Output the data verbatim, minus the images.

--- GIVEN MATERIAL ---
=====
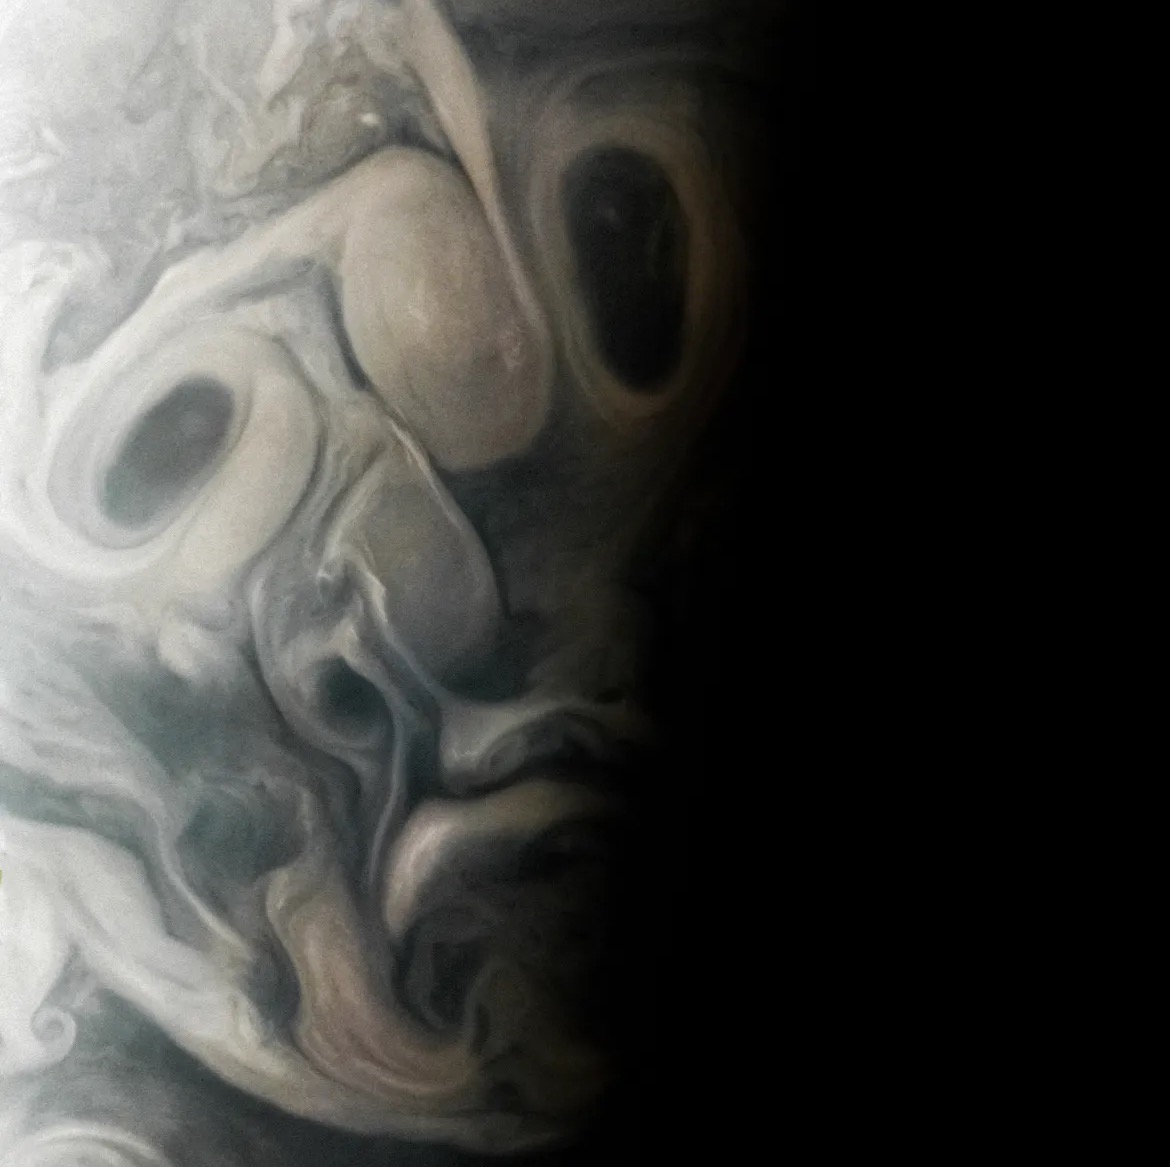 NASA shared this image of clouds and storms on Jupiter that resemble a face. Credit: NASA/JPL-Caltech/SwRI/MSSS Image processing by Vladimir Tarasov
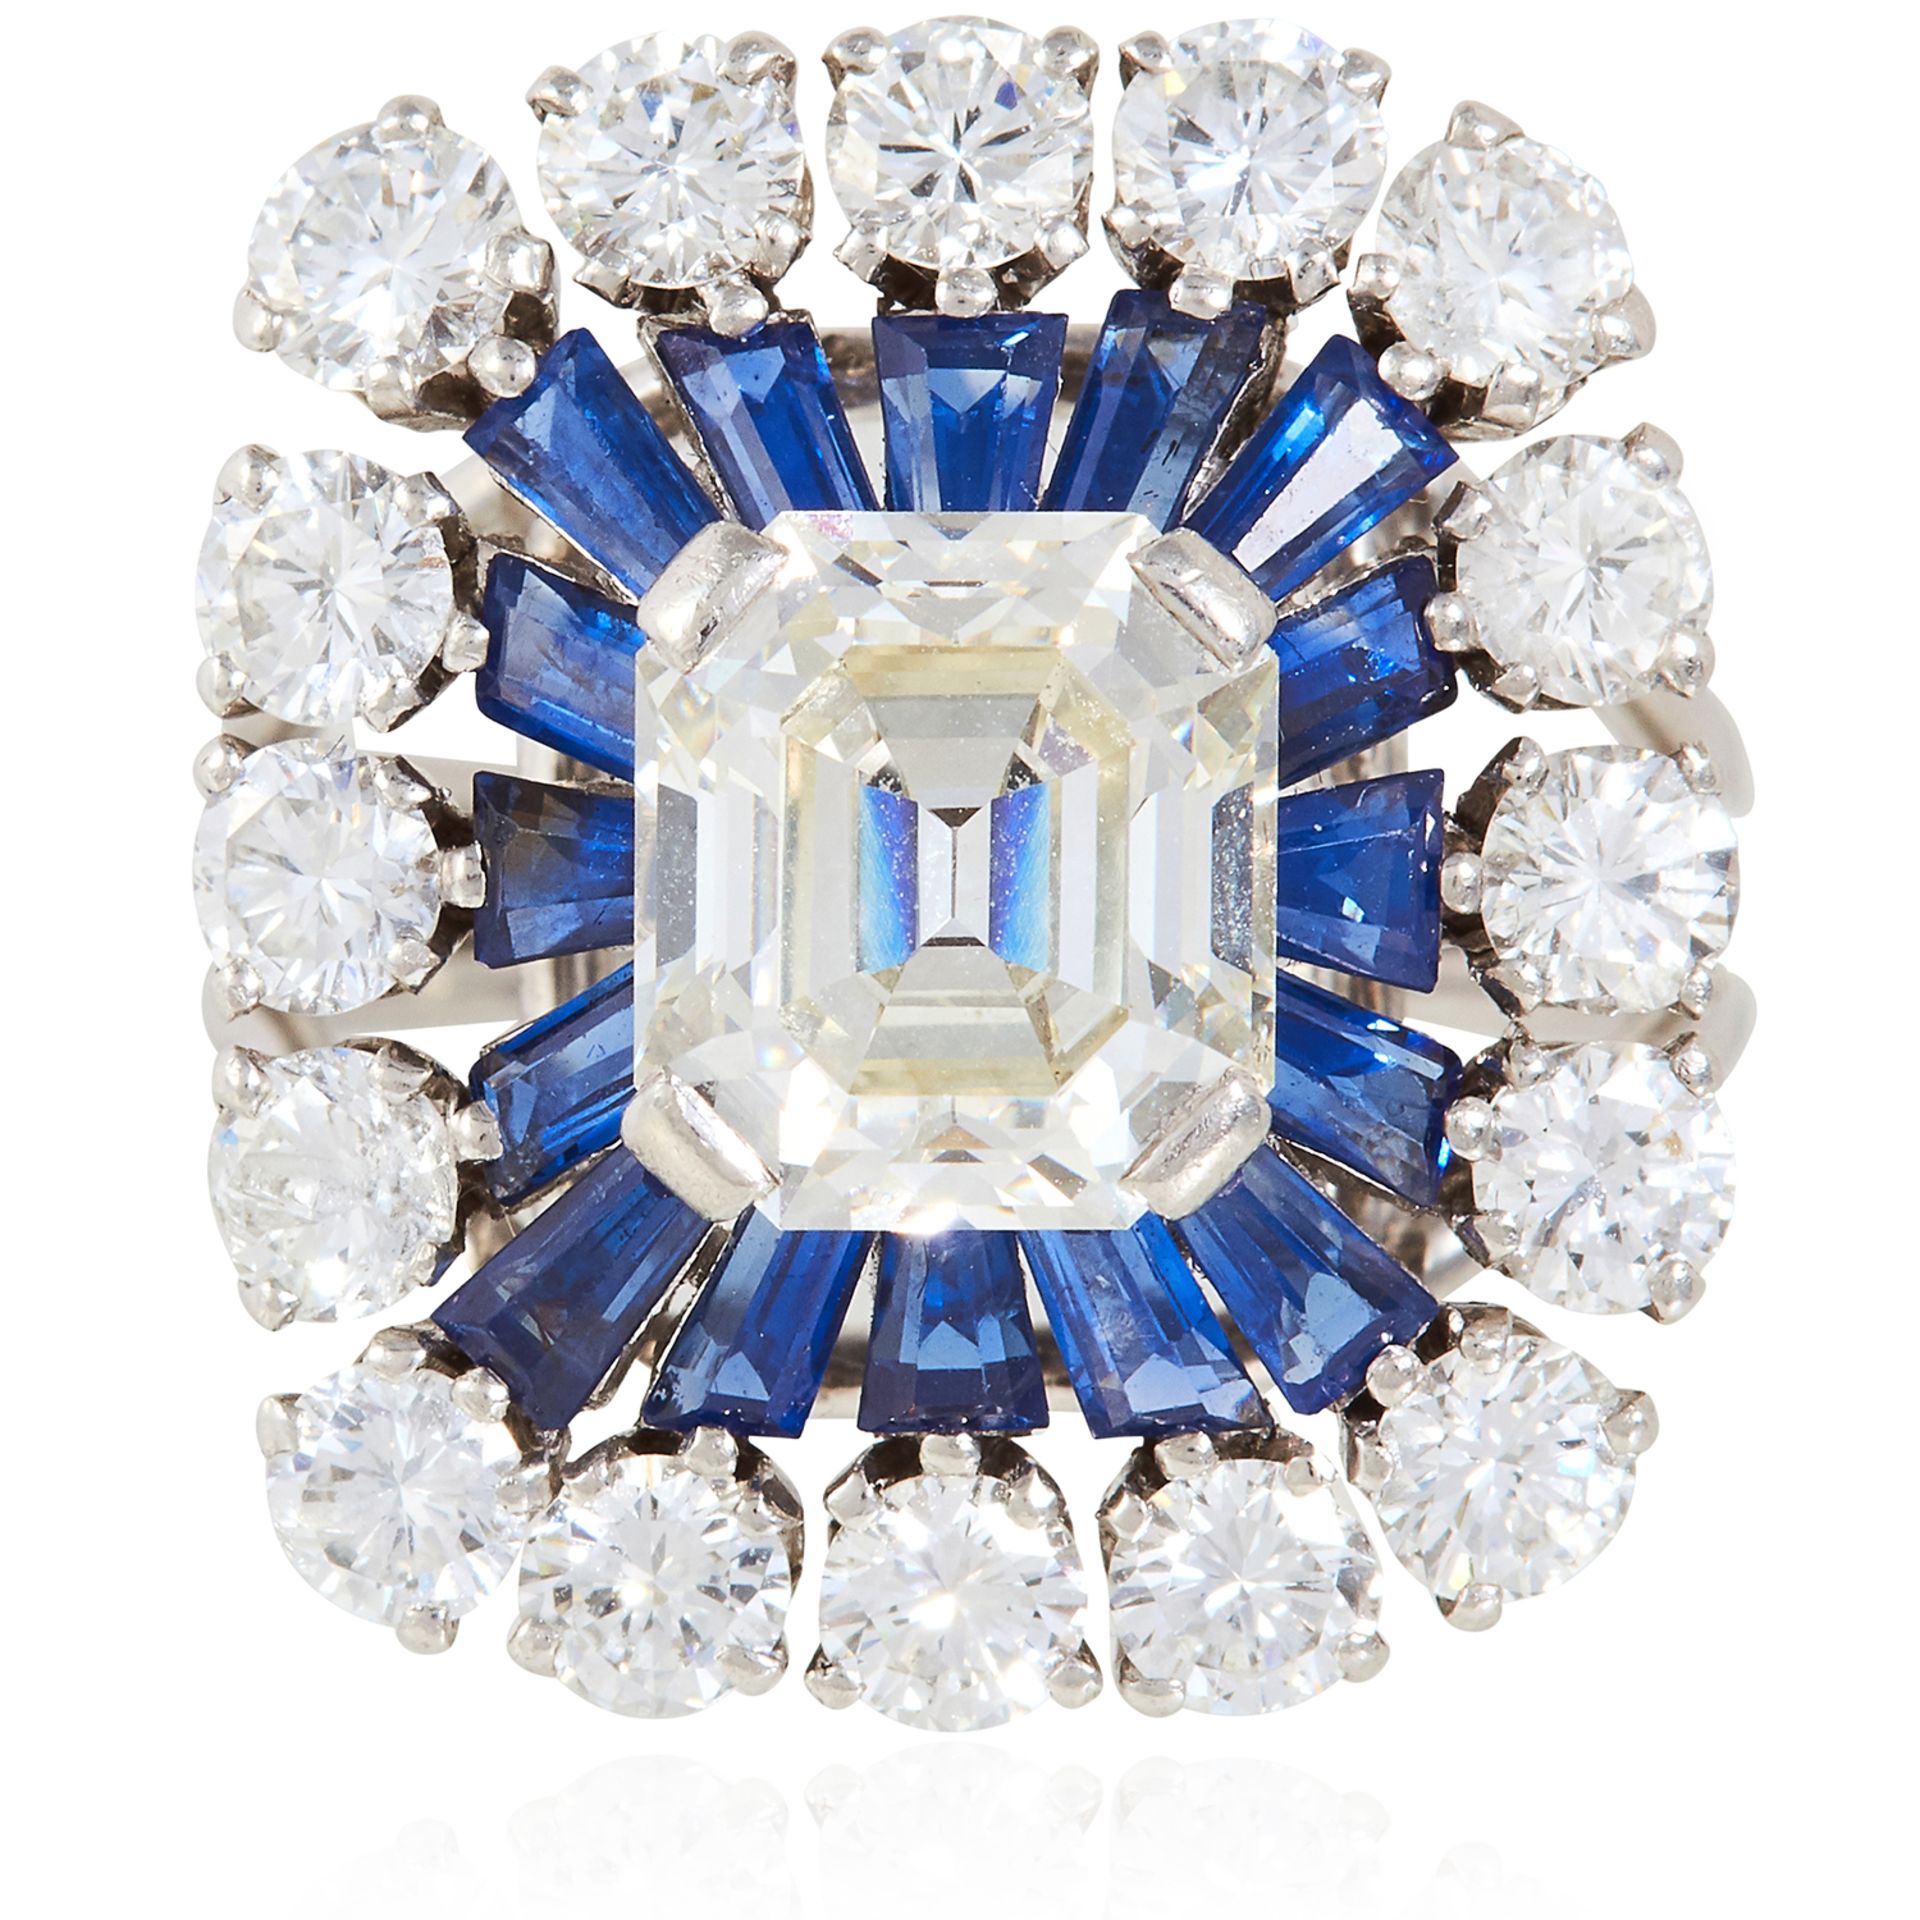 A SAPPHIRE AND DIAMOND DRESS RING in platinum, the central emerald cut diamond of approximately 2.45
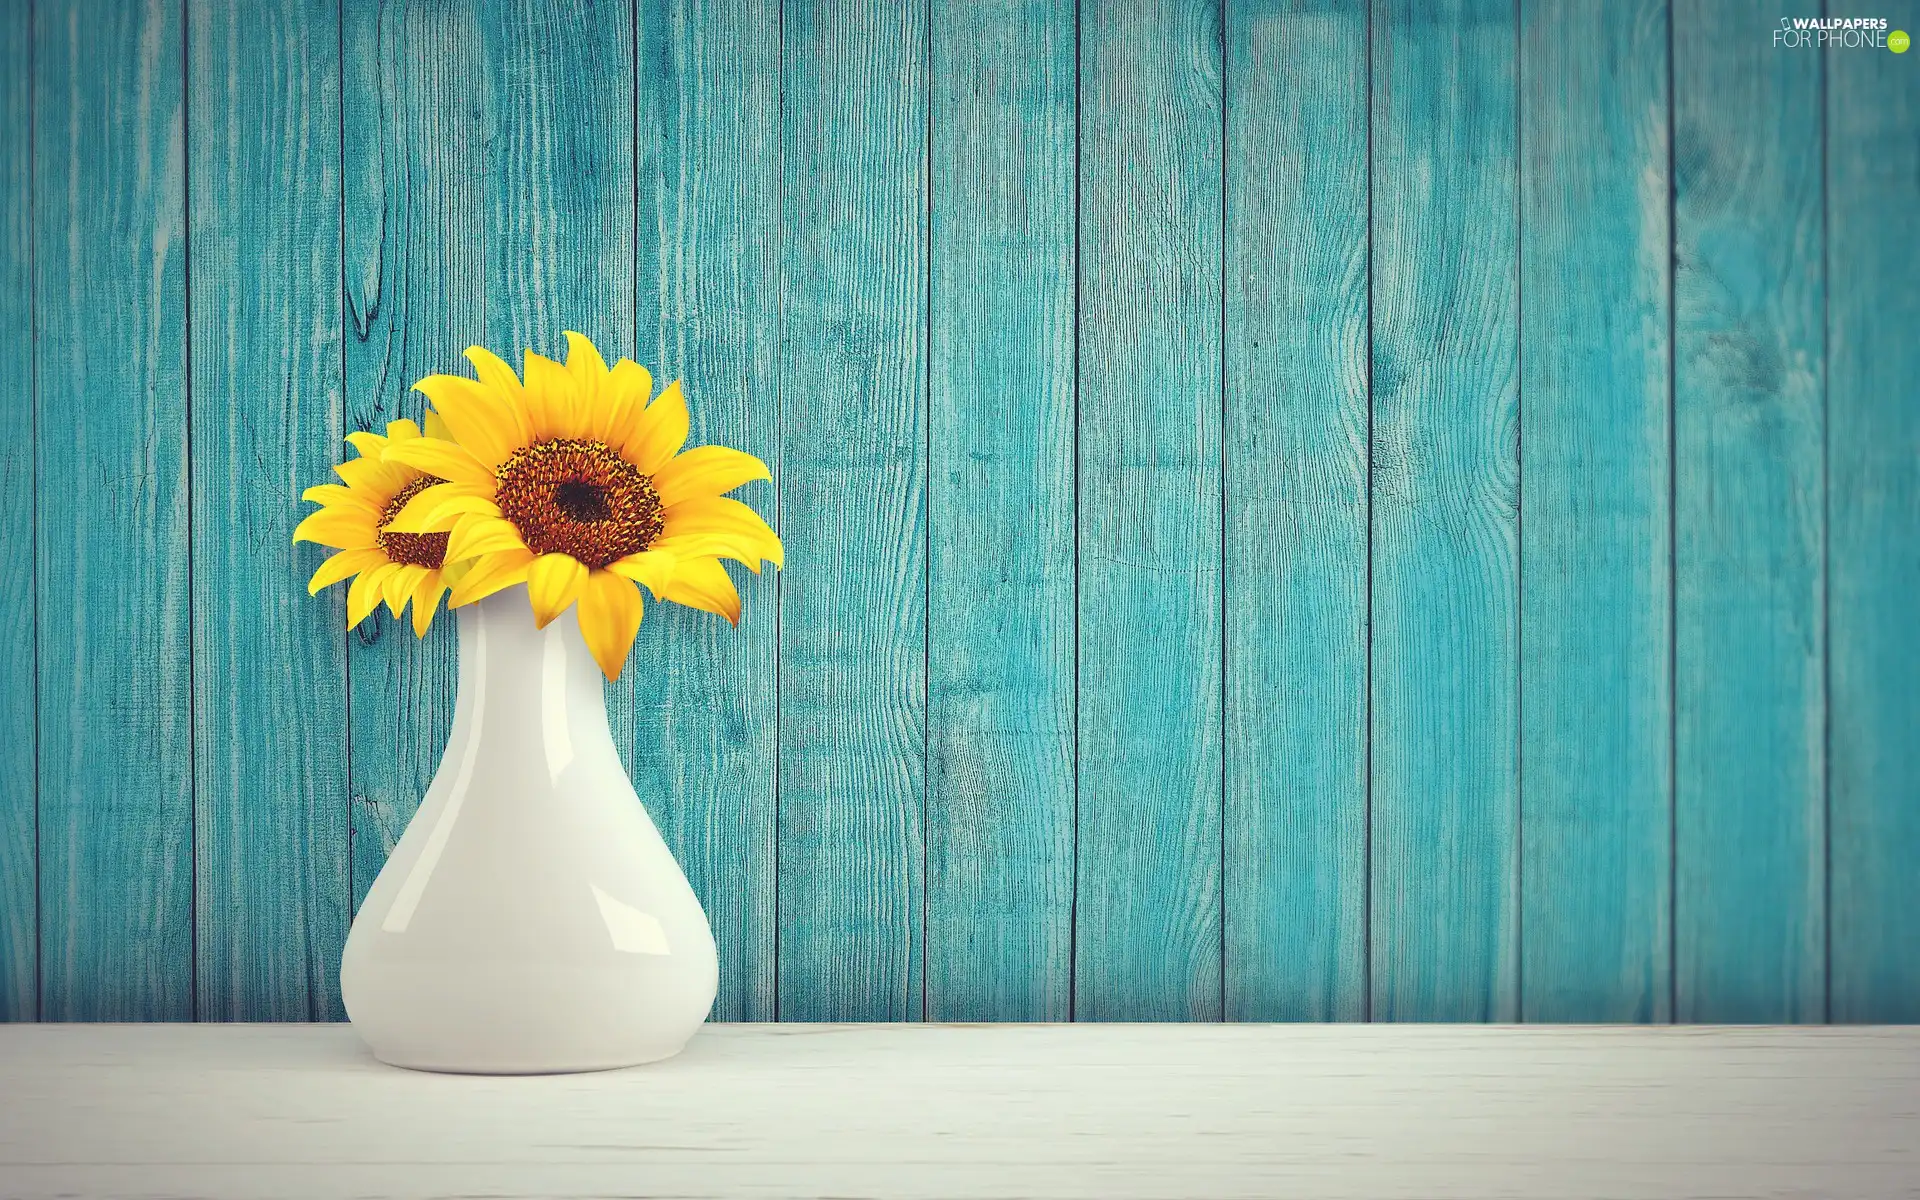 Blue, boarding, Two cars, decorative Sunflowers, vase
=====
--- RESULT OF THE EXERCISE ---
 NASA shared this image of clouds and storms on Jupiter that resemble a face. Credit: NASA/JPL-Caltech/SwRI/MSSS Image processing by Vladimir Tarasov
 A SAPPHIRE AND DIAMOND DRESS RING in platinum, the central emerald cut diamond of approximately 2.45
 Blue, boarding, Two cars, decorative Sunflowers, vase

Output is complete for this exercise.